Just a week ago, U.S. officials raised the color-coded terrorist threat level to orange (high) from yellow (elevated), saying intelligence reports of planned attacks are "the most specific we have seen" and are consistent with previous al Qaeda plots.

"This is not idle chatter on the part of the terrorists," CIA Director George Tenet also testified Tuesday, adding the number of messages being sent to and by terrorists is the highest since the September 11, 2001 attacks.

Tenet also said the chatter "points to plots that could include the use of a radiological dispersion device as well as poisons and chemicals," he said. (Transcript)

Earlier this week, an audiotape of a man purported to be al Qaeda leader Osama bin Laden issued a call to arms to Muslims, telling them to fight against any U.S.-led invasion of Iraq. The speaker also told followers to carry out terror attacks.

"We also encourage the suicide attacks against the enemy. Just look at what happened to the U.S. and Israel," the alleged voice of bin Laden said. (Full story)

Last month, one of six upstate New York men accused of forming an al Qaeda cell inside the United States revealed details about a bin Laden speech seeking suicide attackers in the United States.

Faysal Galab, 26, is one of six men of Yemeni heritage accused of attending an al Qaeda training camp inside Afghanistan in summer 2001, just months before the September 11 terrorist attacks.

Galab pleaded guilty in U.S. District Court for the Western District of New York, according to prosecutors. Court papers show that he said bin Laden asked "whether anyone in America is willing to die for the cause."

In his plea, Galab admitted attending the al Farooq camp near Kandahar, Afghanistan and being trained to fire a Kalashnikov rifle and to make explosives.

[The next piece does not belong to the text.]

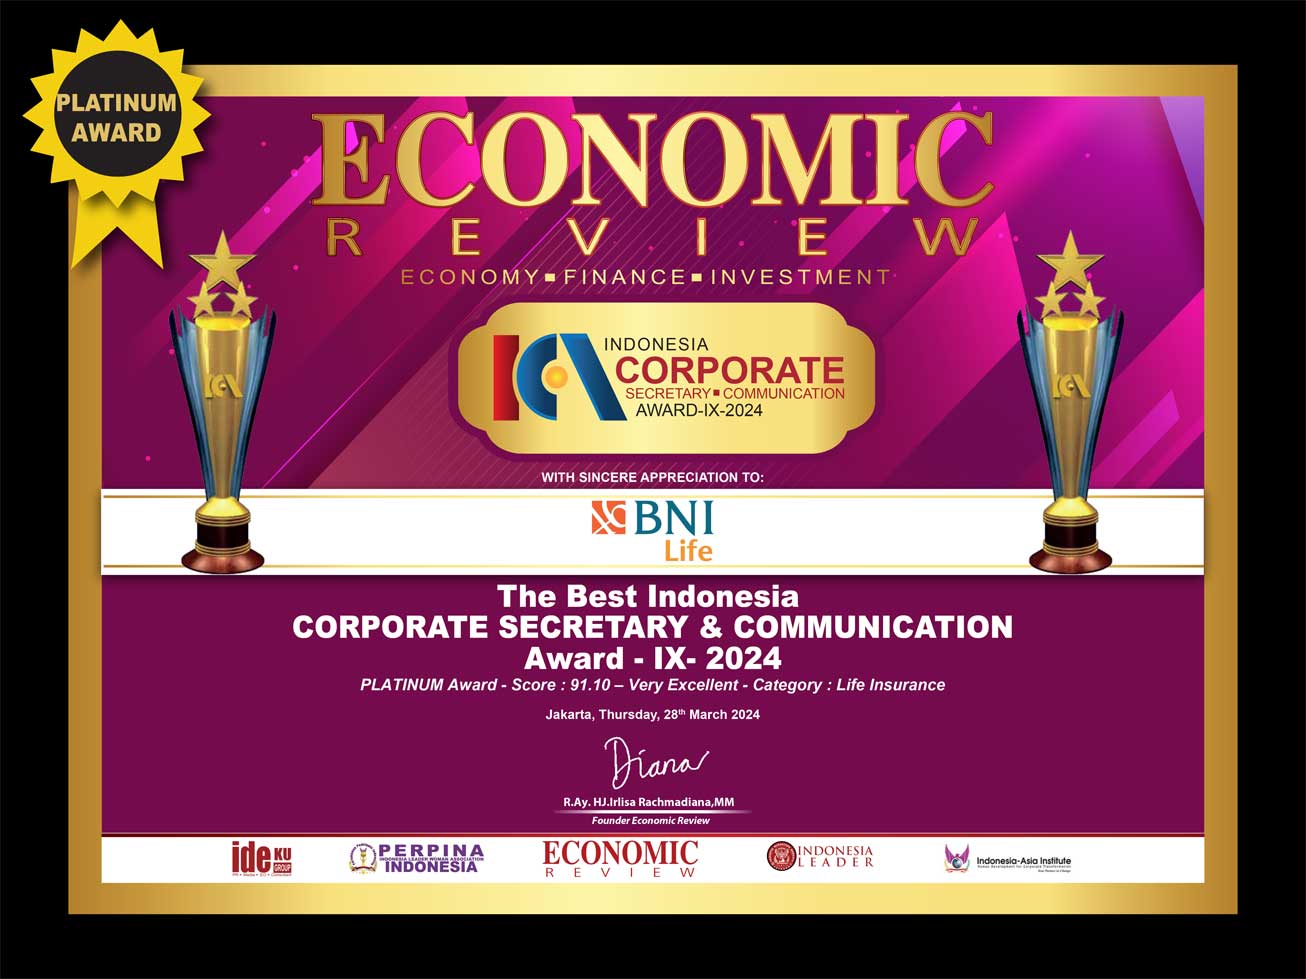 Indonesia Corporate Secretary & Communication Award - IX - 2024
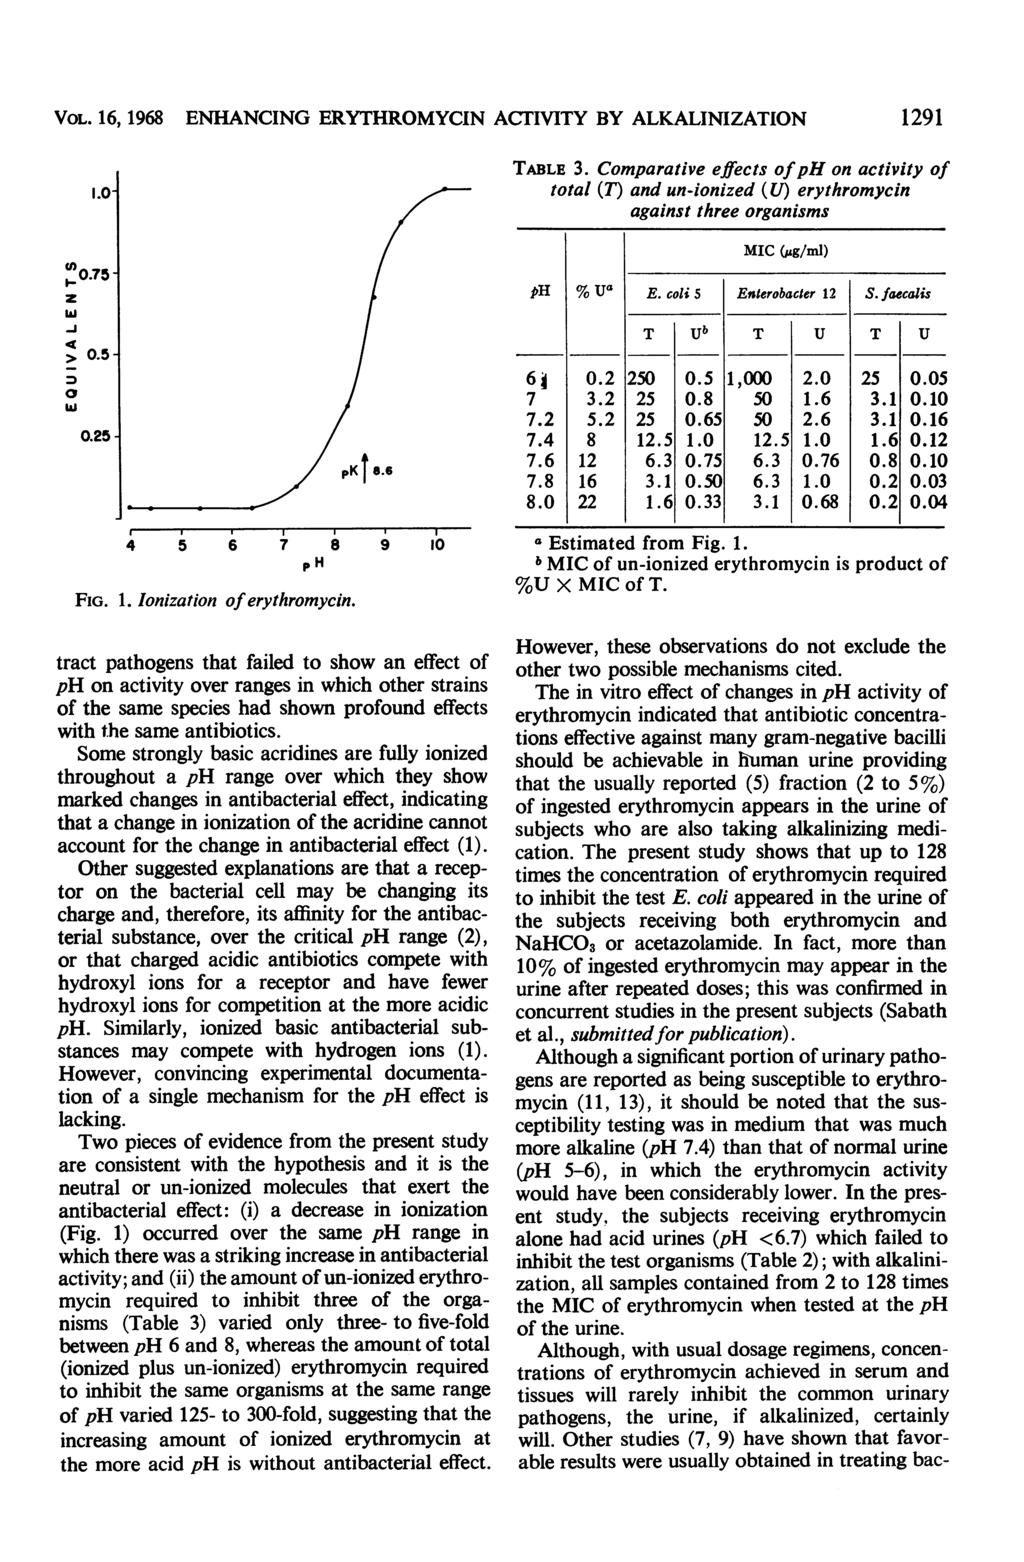 VOL. 6,968 ENHANCING ERYTHROMYCIN ACTIVITY BY ALKALINIZATION 9 z w ceptibility testing was in medium that was much more alkaline (ph.

All of the defendants, who lived in Lackawanna, New York, near Buffalo, were indicted in October on charges of providing material support to a foreign terrorist organization.

Galab pleaded guilty to a lesser charge of contributing "funds, goods and services to and for the benefit of Osama bin Laden and al Qaeda" in violation of the International Emergency Economic Powers Act. In a 1998 executive order, former President Clinton added bin Laden and al Qaeda to the list of "specially designated terrorists" and prohibited transactions with them.